ARGF.eof? behavior

Hi folks,

In Ruby 1.8, I know that:

$ ruby -e ‘while !ARGF.eof?; puts ARGF.readline; end’ /tmp/foo /tmp/bar

prints every line in /tmp/foo, but not /tmp/bar. However, in Ruby 1.9:

$ ruby1.9 -e ‘p ARGF.eof?’ /tmp/foo
true

Which means that lines from neither /tmp/foo nor /tmp/bar would be
printed
in the first example. Is this an expected change in behavior? Seems to
be
consistent for both 1.9.1p0 and the 1.9.2 svn trunk I just compiled.

If it is, it’s not that big of a deal, except I’m not sure how to
“switch
ARGF” to the next file without calling ARGF.gets or ARGF.readline.

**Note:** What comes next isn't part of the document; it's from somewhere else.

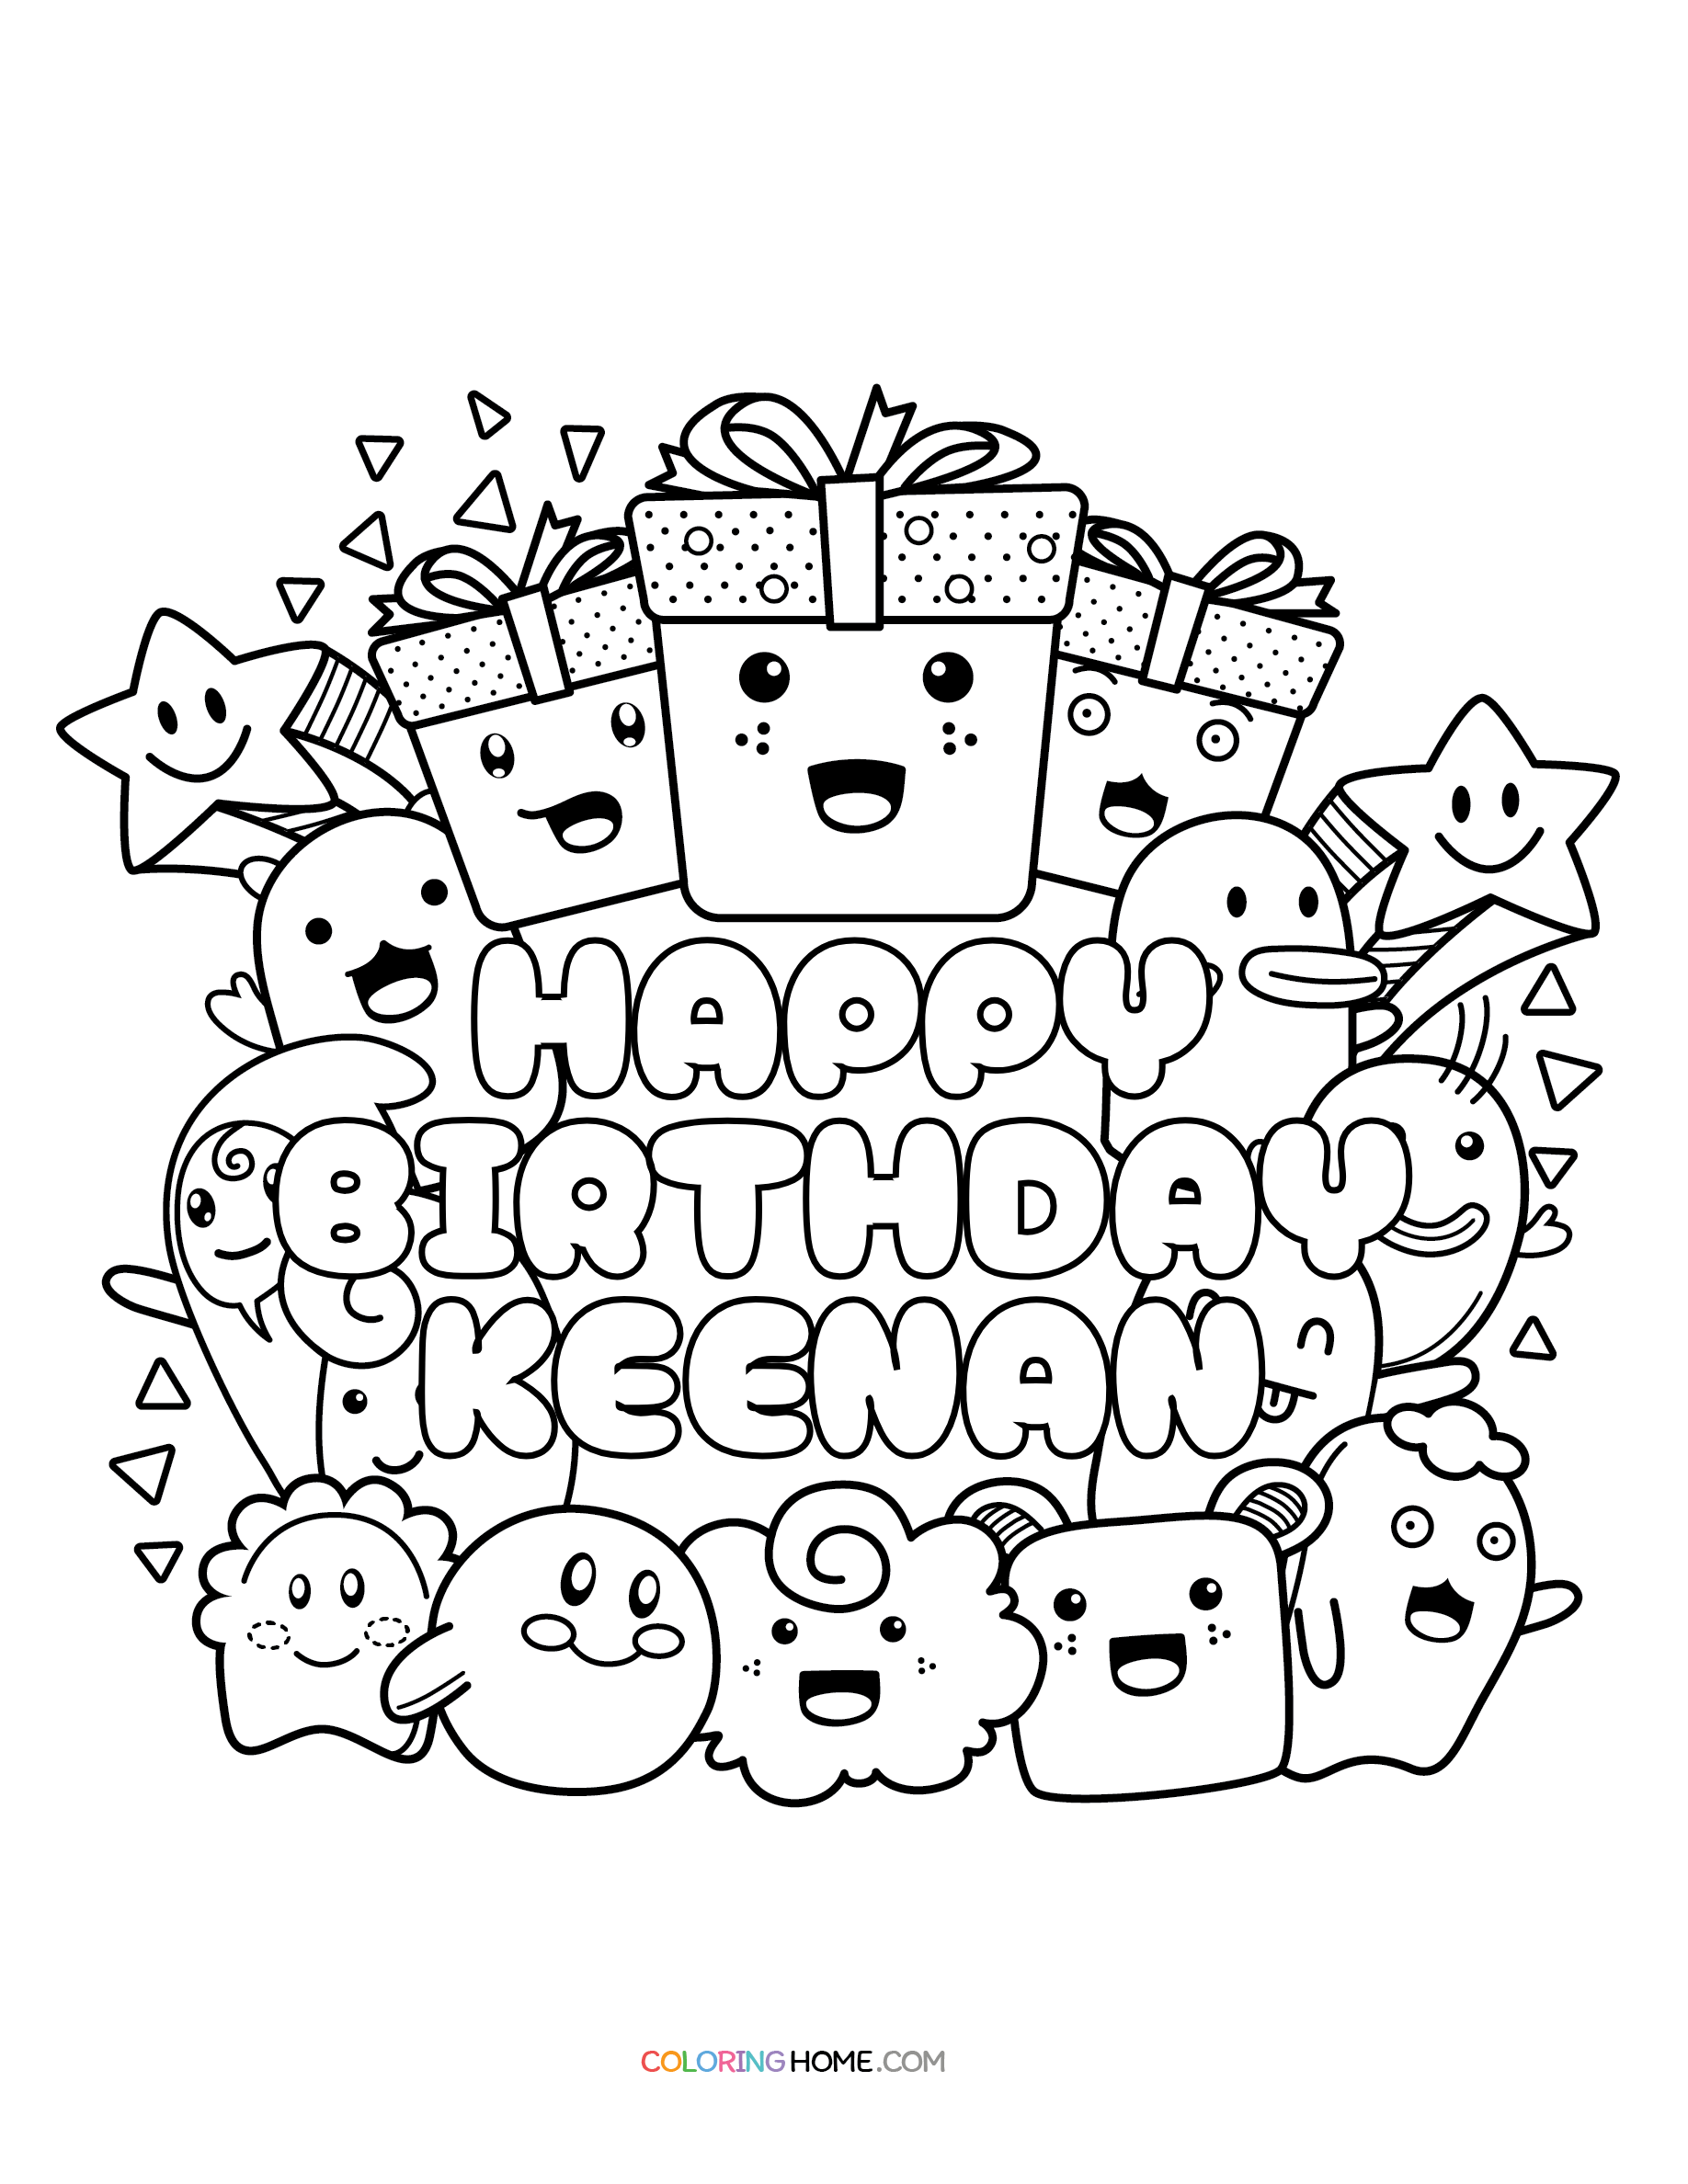 Happy Birthday Keenan coloring page

For example, is there a method to complete the following code, so as to
print lines from all files listed in ARGV?

while !ARGV.empty?
# ARGF.some_method_to_advance_to_next_file

while !ARGF.eof?
  puts ARGF.readline
end

end

I know I can use ARGF.each, gets, or readline. However, I’m really
calling
a parsing method that takes ARGF as an argument and calls readline on my
behalf. I’d like to able to distinguish between EOFErrors due to
reaching
EOF before parsing (no more data records), and EOFErrors due to reaching
EOF during parsing (an incomplete data record).

Thanks!

Hi,

2009/7/24 Mike K. [email protected]:

 while !ARGV.empty?
  # ARGF.some_method_to_advance_to_next_file

  while !ARGF.eof?
   puts ARGF.readline
  end
 end

You can use ARGF.each for both 1.8.x and 1.9.x.

Try
$ ruby -e ‘ARGF.each{|l|puts l}’ /tmp/foo /tmp/bar

Regards,

Park H.

On Fri, Jul 24, 2009 at 11:42:00AM +0900, Heesob P. wrote:

You can use ARGF.each for both 1.8.x and 1.9.x.

Try
$ ruby -e ‘ARGF.each{|l|puts l}’ /tmp/foo /tmp/bar

Right, I understand that this works in this particular example. Perhaps
a more indepth example helps illustrate the problem better.

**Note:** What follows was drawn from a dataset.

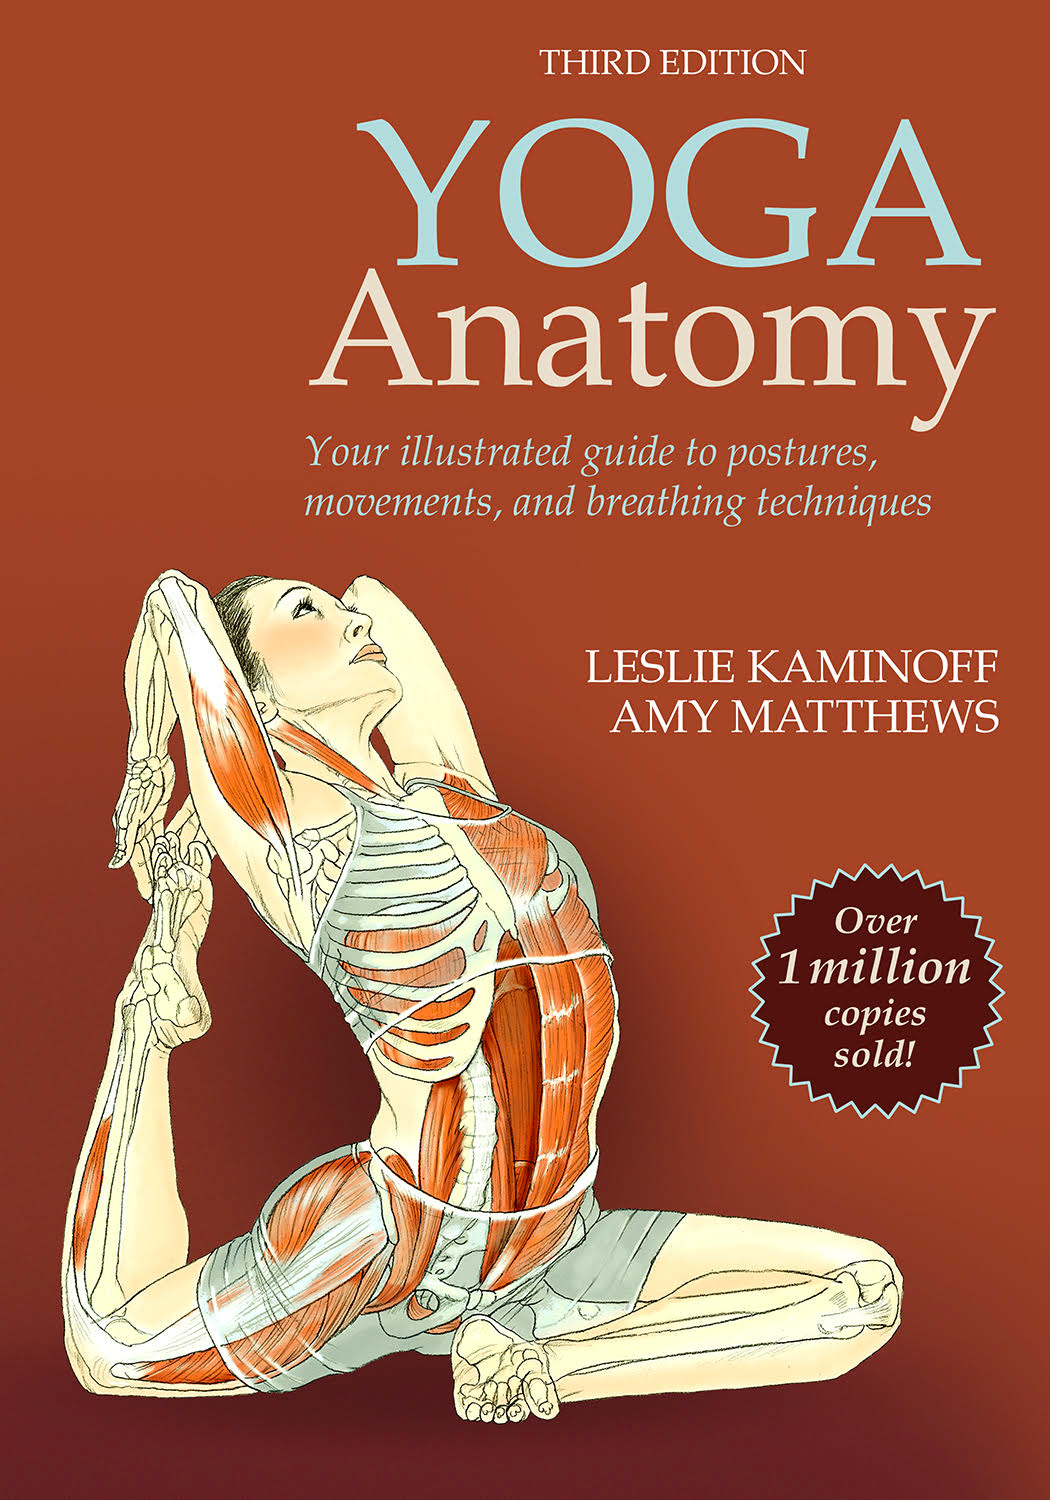 Leslie Kaminoff and Amy Matthews authors of Yoga Anatomy

Presume I have a method, “parse”, that parses data records from an IO
stream. It looks something like this:

def parse(io)
first = io.readline
… # Code to validate first
second = io.readline

third = io.readline

ParsedThing.new(first, second, third)

end

The idea is to call “parse ARGF” only when I know there’s data left in
the stream to be parsed. Otherwise if I get an EOFError its meaning is
ambiguous–there could be an incomplete data record (i.e., could parse
“first” and “second”, but got an EOF while reading “third”), or there
could be no more records in the file.

ARGF.each isn’t going to work since ARGF is being used as an external
iterator by the parse method, and calling ARGF.gets/readline outside the
parse method strips the first line of a record. I’m looking for a
non-destructive file advance operation, if that makes sense.

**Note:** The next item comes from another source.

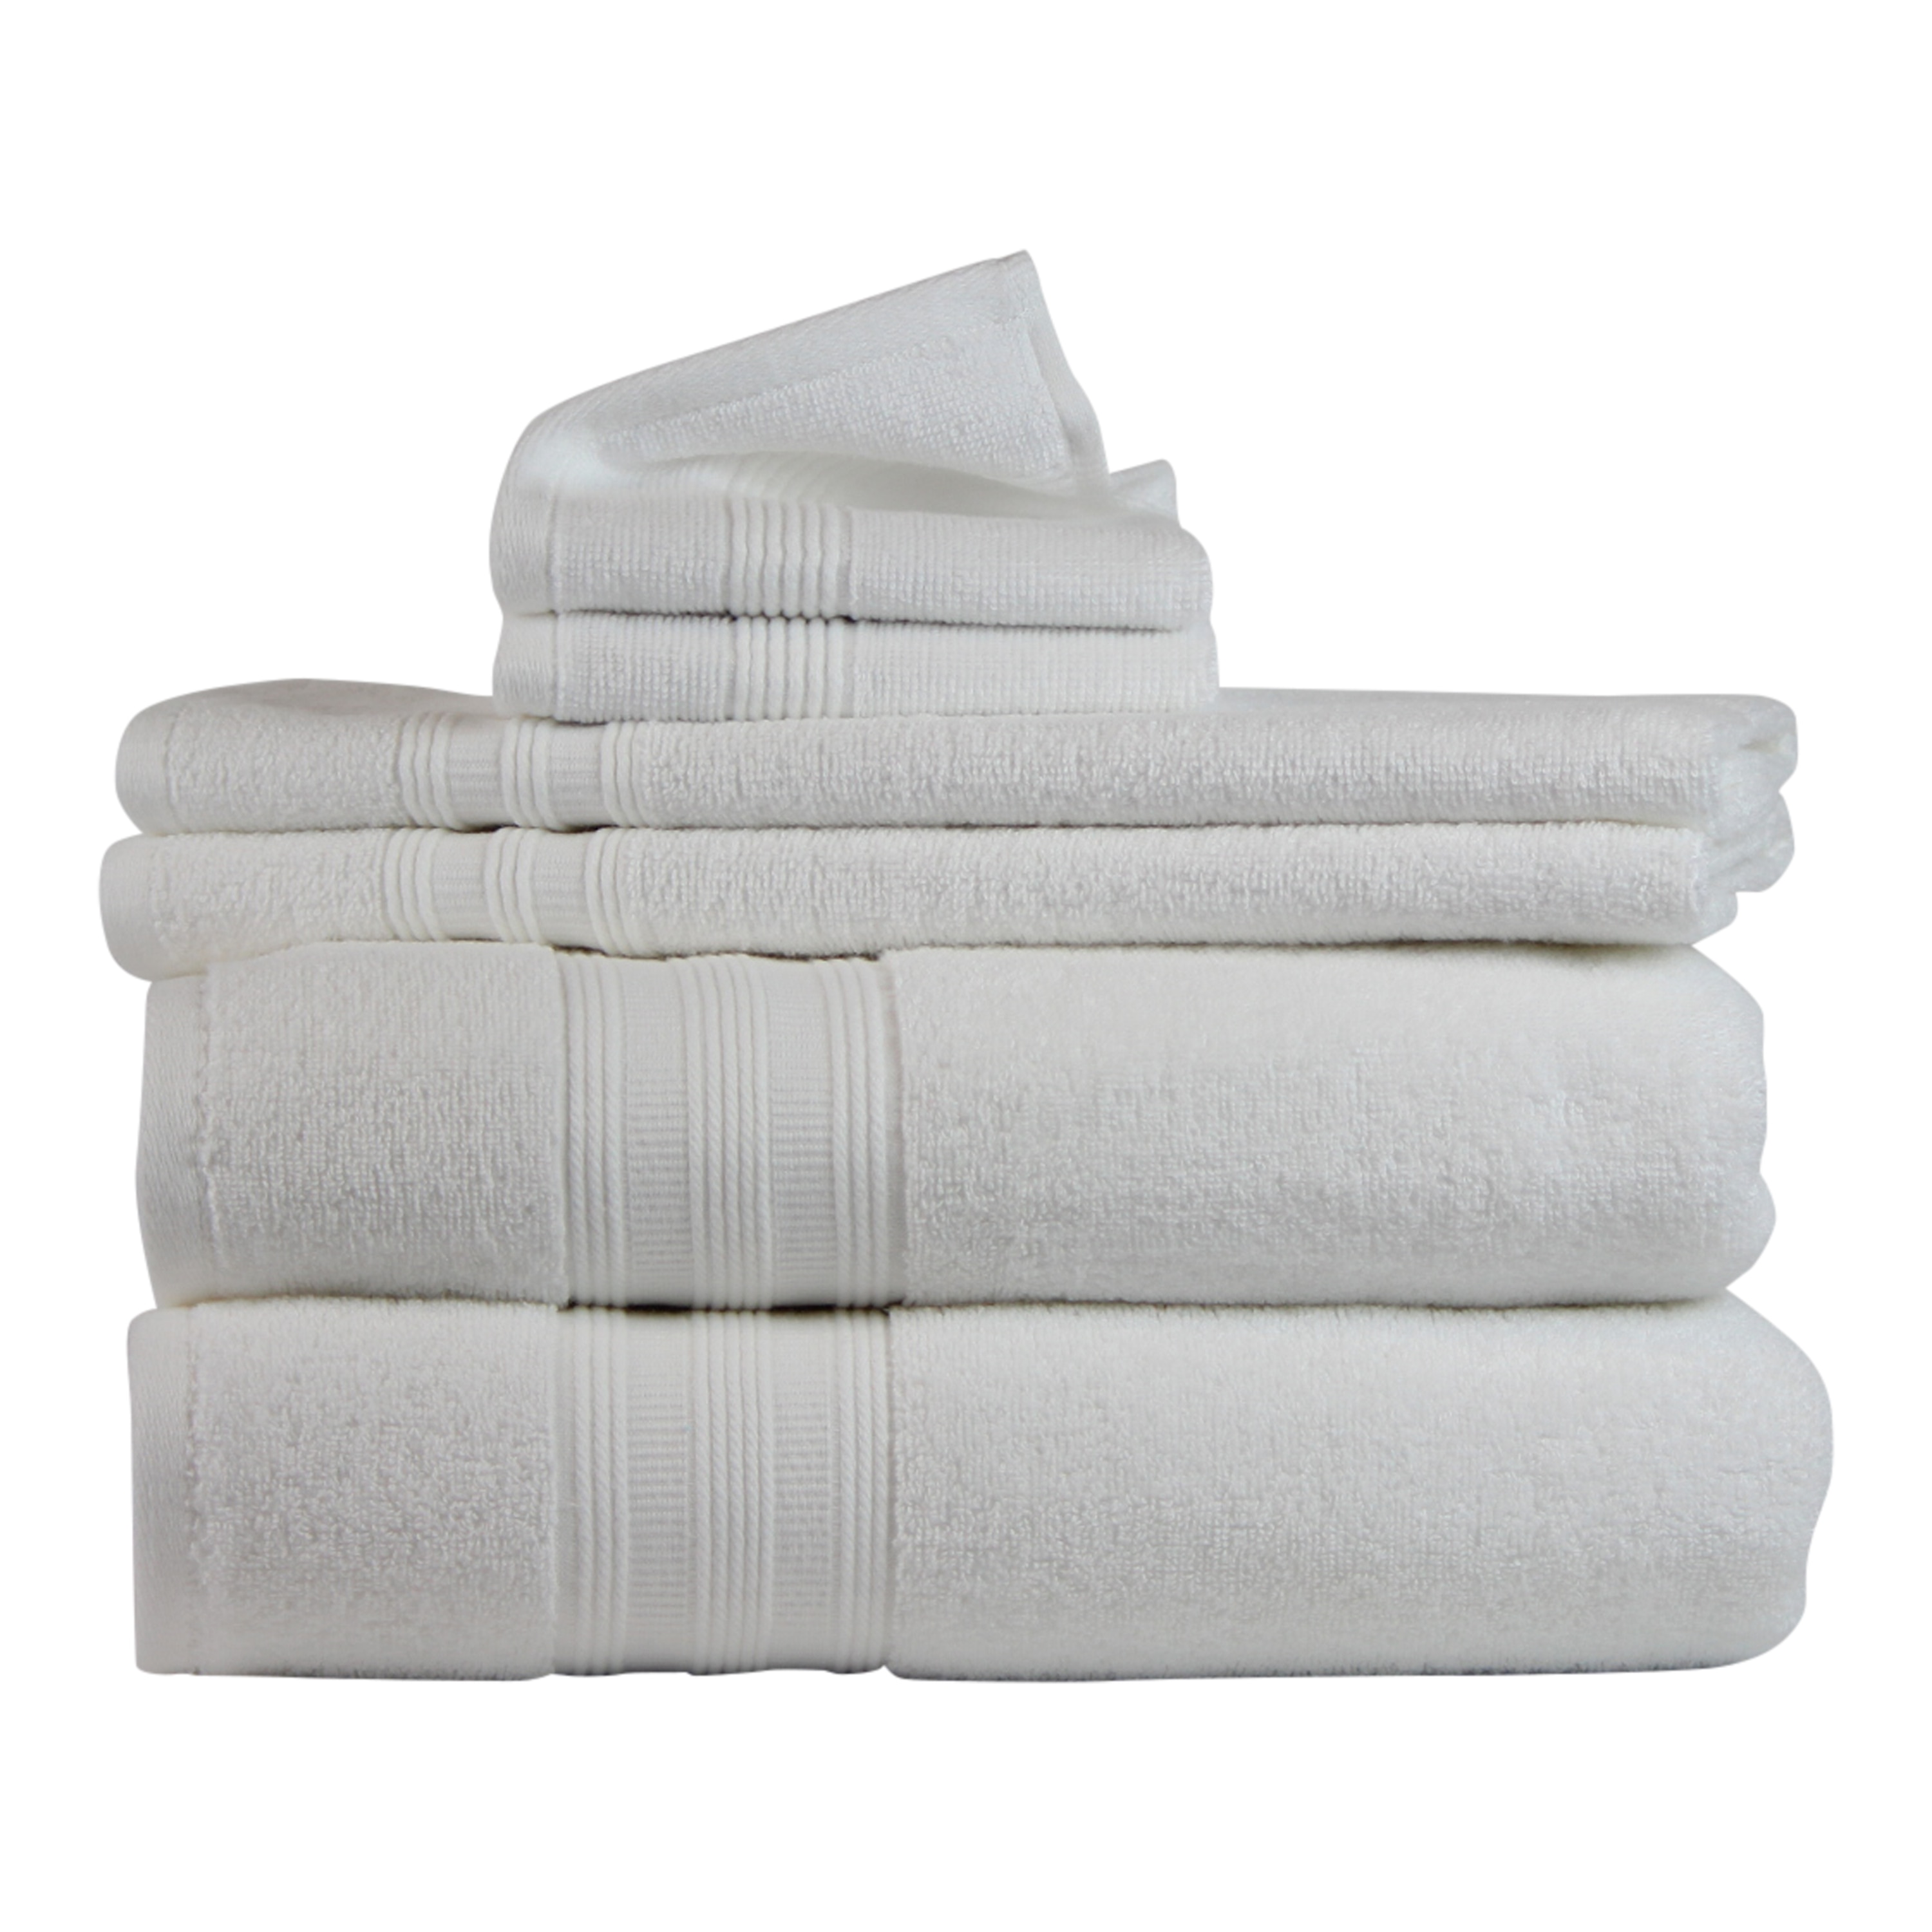 Freshee 4-Piece Bath Towel Set, Orange - Featuring Intellifresh  Antimicrobial Technology

On Fri, Jul 24, 2009 at 12:20:36PM +0900, Mike K. wrote:

I’m looking for a non-destructive file advance operation, if that makes
sense.

Two things:

  • Turns out Ruby 1.9’s ARGF.eof? behavior was a bug, now fixed in svn
    trunk. A workaround is to call “ARGF.file” (or another ARGF accessor)
    before the while loop.

  • ARGF.skip is the non-destructive file advance operation that I was
    looking for. ARGF.close works too, but can also close $stdin which
    may
    not be preferred. Problem is that neither currently works when
    followed
    by ARGF.eof?. I submitted a patch to fix that to the issue tracker.

Unfortunately this means that the behavior of ARGF with regard to
close/eof/skip changes somewhat between patchlevels on Ruby 1.8.7 &
1.9.1.

To answer my original question (and for the benefit of anyone else
looking
to do something similar), the following code includes the appropriate
workarounds to work on, I believe, all 1.8/1.9 versions:

Print (or whatever) every line from all files listed in ARGV or

$stdin.

loop do
current = ARGF.file

while !ARGF.eof?
  puts ARGF.readline  # Or whatever.
end

ARGF.skip.file == current and break

end